A new state law aims to help property owners impacted by storms earlier this year, but without financial assistance from the state, local governments may not implement it.
Signed by Gov. Andrew Cuomo last week, the Hurricane Irene and Tropical Storm Lee Assessment Relief Act lets local governments and school districts provide tax relief - including refunds - to people whose property was significantly devalued by the storms, which occurred between Aug. 26 and Sept. 7.
The law covers 34 counties, including Essex and Clinton, that were declared federal disaster areas. It lets eligible municipalities - defined as any village, town, city or school district wholly or partially within a designated county, or a county itself - grant assessment relief to property owners who saw their entire parcel's value diminished by more than 50 percent as a result of the storms. That would mean school districts would refund some of such property owners' taxes billed in September, and towns and counties would do the same for their taxes billed in January.
Angie and Russ Cook’s house on state Route 73 in Keene Valley, seen here on Wednesday, is jacked up to be repaired following major damage caused by Tropical Storm Irene. A new state law might provide tax assessment relief for the Cooks, but Angie Cook said if it threatens the town’s financial situation, she wouldn’t pursue it.
(Photo — Martha Allen)
To opt into the law, a municipality must pass a resolution adopting its provisions by Jan. 23, 2012. Geoff Gloak of the state Office of Real Property Services said once that happens, a property owner would need to provide evidence to an assessor that the value of their property was reduced by 50 percent or more as a result of the storms. That evidence could include photographs, insurance statements or paperwork from the Federal Emergency Management Agency.
"It's going to be the assessor's determination, really," Gloak said. He stressed that the law applies to an entire parcel, not just a building.
According to Gloak, tentative assessment rolls are generally based on the condition a property is in as of the "taxable status date," March 1.
"If you own a home, and God forbid your home burns down March 2, when you get your school tax bill in September and then your county and town tax bill in January, it's going to be based on the condition of that property on March 1," Gloak said. "So in other words, you're going to pay taxes on your property as if your house was still there."
That's the problem faced by many taxpayers in hard hit communities like the towns of Keene and Jay, which Irene hit hard when brooks and rivers raged over their banks Aug. 28. But unlike the person whose house burngs down, Irene victims now have a chance for tax relief.

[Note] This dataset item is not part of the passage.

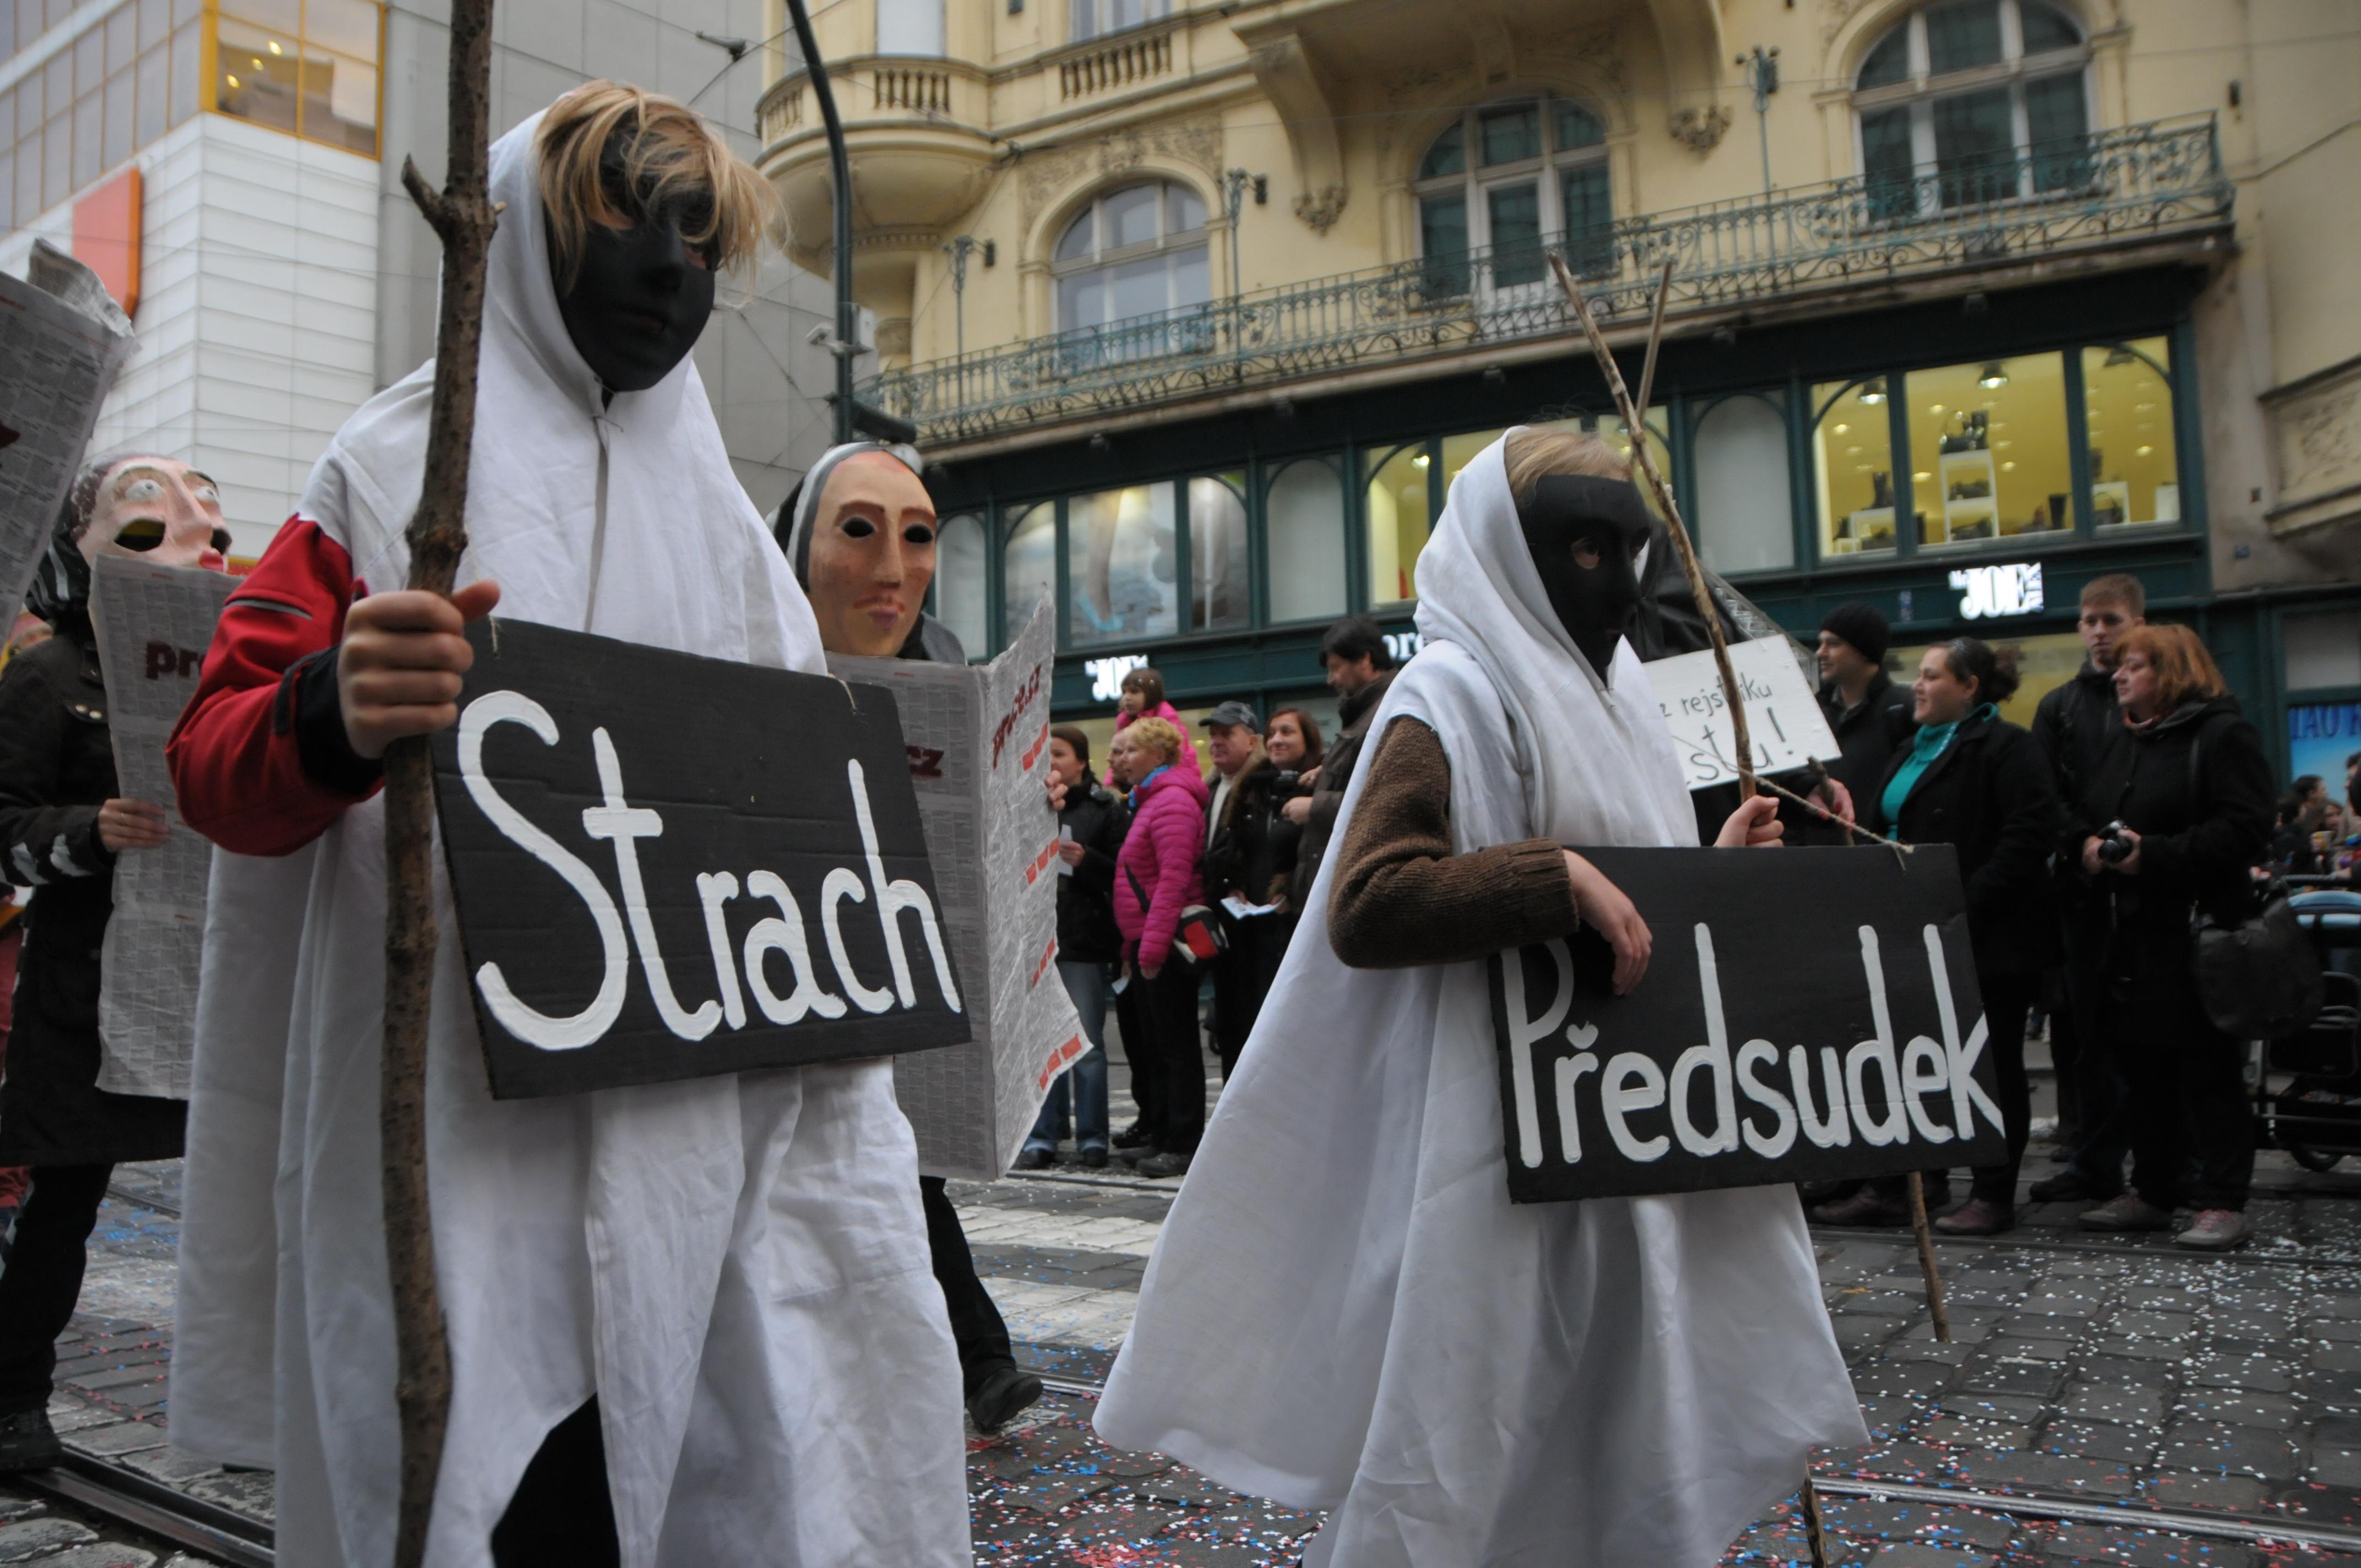 Fear and Predjudice

Jay town Supervisor Randy Douglas and Keene town Supervisor Bill Ferebee held a meeting Wednesday morning with Donna Bramer, assessor for both towns; Charlie Lewis, director of Essex County Real Property Tax Services; and Todd Anthony from ORPS. Douglas told the Enterprise the meeting focused on the law and its implications.
Douglas said that according to Bramer, between 44 and 52 properties in the town of Jay would qualify for assessment relief. If all those property owners file for refunds, Douglas estimated it would cost $500,000 to $600,000.
"Here's my problem with it: In theory, it's a great idea, but it doesn't do anything for us," he said. "It just shifts the costs. Unless I'm interpreting it wrong, we've already passed our budgets, we stayed within the 2 percent property tax cap on the town levels, and now you want us to go back to the same budgets in 2012 and reimburse property taxes. Where are we going to get that?"
Douglas noted that his town has already borrowed $3 million to clean up and rebuild public works after Irene, including road and bridge repairs, and the town is still waiting for federal relief from flooding that started in the spring. He said he would love to be able to go to those 44 to 52 taxpayers and say, "Look, I've got something for you; we're going to reduce your property taxes."
But Douglas said that's something the town can't afford to do.
"You can't get blood from a stone," he said. "It's not that I wouldn't want to. But this doesn't help. It's just a cost shift to other taxpaying citizens, and I just can't do it. I'd have to borrow the money to do it."
Angie Cook, who along with her husband Russ owns a home on state Route 73 in Keene Valley, said her property was damaged to the tune of $50,000 to $60,000. They bought it for about $114,000, so it may or may not qualify for tax relief. The house itself currently sits on stilts about 10 feet off the ground, being repaired. Cook and her family are temporarily living nearby in a home owned by someone she knows through her employer.
Cook said it would be beneficial to take advantage of the assessment relief, but she added that if taking a refund would add to the town's financial burden, she couldn't do it.
"We had so many people come into our home after the flood, and Bill Ferebee was one of them," Cook said. "We wouldn't have been able to do it without everyone who surrounded us through this whole thing. I would feel a little bit like I was stabbing the hand that feeds me by doing that."
State Sen. Betty Little told the Enterprise the law was written with the intent of giving local governments the ability to opt out. The state couldn't fund the tax relief itself but still gave local governments a way to do it, she explained.
Little said Sen. Jim Seward has introduced legislation that would provide a tax credit to property owners who saw their homes devalued by the storms.
"I don't know if there's funding for that at this time," Little said, "but I think that we'll look at a lot of these things in January and see what we can do."